The body of parse uses a guard to separate out the 3 scenarios:

parse :: String -> [String]
parse input
| isPrefixOf "//[" input =
...
| isPrefixOf "//" input =
...
| otherwise =
...

Working backwards the otherwise scenario deals with the comma/newline scenario. Using regular expressions this implementation is simple.

splitRegex (mkRegex ",|\n") input

The middle scenario is also simple by virtue of being able to extract out the separator and content based on positions.

splitRegex (mkRegex $ escapeRe $ take 1 $ drop 2 input) $ 
drop 4 input

Reference is made to the escapeRe function responsible for marking up text and escaping all of the regular expression characters.

escapeRe :: String -> String
escapeRe [] = []
escapeRe (x:xs)
| x `elem` "*+.\\?|$^)({}" =
'\\' : x : escapeRe xs
| otherwise =
x : escapeRe xs

The final scenario is the tricky scenario in that it needs to compose the regular expression separator through a number of manipulations.

let
inputs :: [String]
inputs =
splitOn "\n" input

separator :: Regex
separator =
mkRegex $
intercalate "|" $
map escapeRe $
sortBy (\a b -> if length a > length b then LT else GT) $
splitOn "][" $
init $
drop 3 $
inputs !! 0

content :: String
content =
inputs !! 1
in
splitRegex separator content

Taking a bit of time to work through each step the manipulation is clear except for the sort step. The sort is necessary due to an anomaly with regular expression libraries. The following REPL interaction is useful for explanation:

Prelude Main> import Text.Regex
Prelude Text.Regex Main> splitRegex (mkRegex "x|xy") "1x2xy3"
["1","2","y3"]
it2 :: [String]
Prelude Text.Regex Main> splitRegex (mkRegex "xy|x") "1x2xy3"
["1","2","3"]
it3 :: [String]

The regular expression libraries appear to apply the split using each regular expression left to right. The result of this strategy is that if a separator is a prefix of a later separator then the prefix will be matched.

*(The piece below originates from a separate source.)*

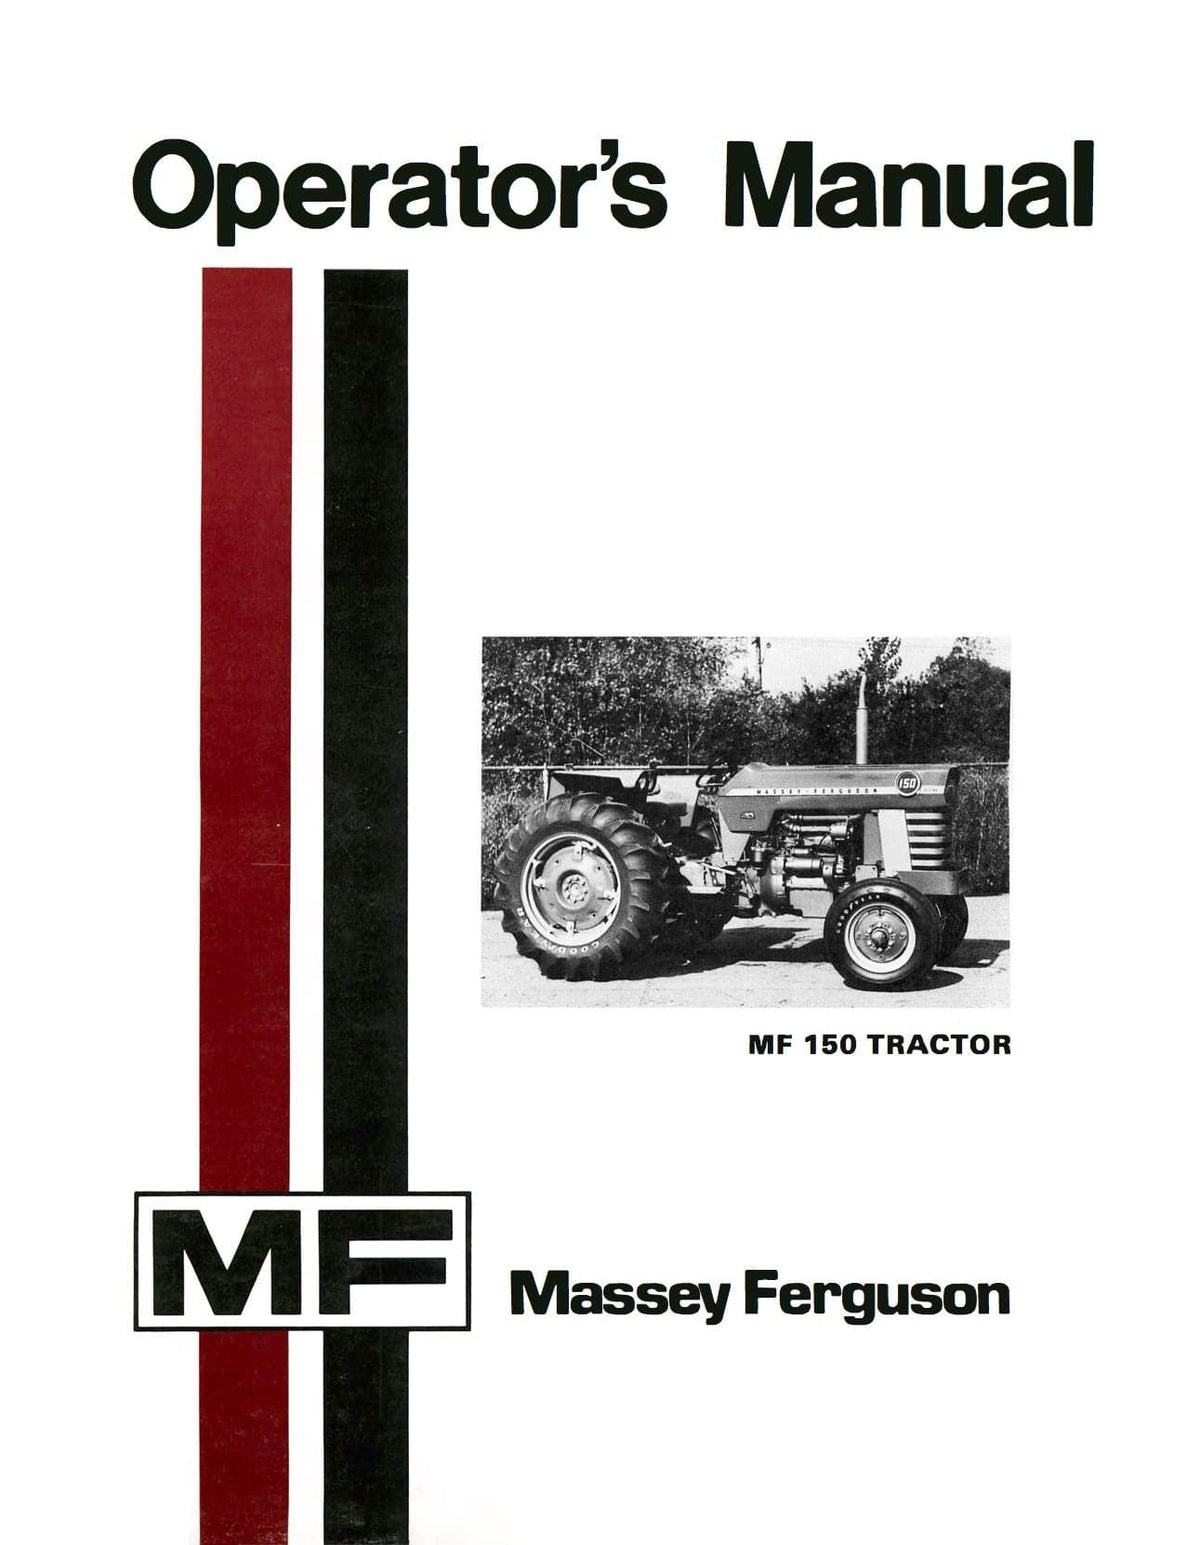 Massey Ferguson MF 150 Tractor - Operator's Manual - Ag Manuals - A Provider of Digital Farm Manuals - 1

In the “x|xy” scenario the “x” is applied before the “xy” resulting in the “1x2xy3” being split into “1”, “2”, “y3”. The way to resolve this issue is to sort the separators on descending separator length.

As an aside a number of us have been performing this kata for a number of years and only found this scenario when we used predicate based testing. This scenario appears in virtually all implementations that use a regular expression strategy.

Closing Thoughts

On a personal note — I am a Java developer and have lived on the JVM from the early days of Java. To be specific from Java 1.0.2. The lens that I look through when using Eta is not “Eta is Haskell on the JVM” but rather “Eta is an additional language on the JVM” so please consider my thoughts within that context.

Eta does not support the JVM idiomatically. For Eta to fulfil the promise of bringing a non-strict functional language to the JVM it needs to not only interact with JVM code but also fit alongside the idioms. My Eta tests need to fit alongside my xUnit runner and report accordingly. I need to be able to separate my code into src and test. I need to be able to exploit packages.

Functional languages on other environments have taken a more measured approach to libraries. Elm has created a smaller set of focused libraries. Elm can get away with that because it is a new language and the community is purposefully keeping it’s implementation narrow and focused on it’s chosen domain. Eventhough Purescript is a general purpose Haskell flavoured language they have pulled the libraries together and introduced greater coherency. Eta positions itself as Hasell on the JVM and inherits a vast number of libraries. However this does introduce the following issues:

  • Steep learning curve and lots of searching to find functionality. For example to escape a regular expression is native to most libraries. I am sure that somewhere in the vast Haskell landscape it is there but I could not find it.
  • Inconsistencies between libraries for things that are functionally similar. For example splitting an empty string using a character separator or a regular expression separator has different outcomes.
Prelude Main> import Data.List.Split

Prelude Data.List.Split Main> splitOn "," ""
[""]
it0 :: [[Char]]
Prelude Main> import Text.Regex

Prelude Text.Regex Main> splitRegex (mkRegex ",") ""
[]
it0 :: [String]

Eta has massive promise and it was wonderful to implement “old faithful” String Calculator Kata using Eta on the JVM. My hope is that the Eta community will embrace the JVM as a first class participant rather than treating it as a runtime for the Haskell community. Only then can it be successful in bridging between the two communities.

--

--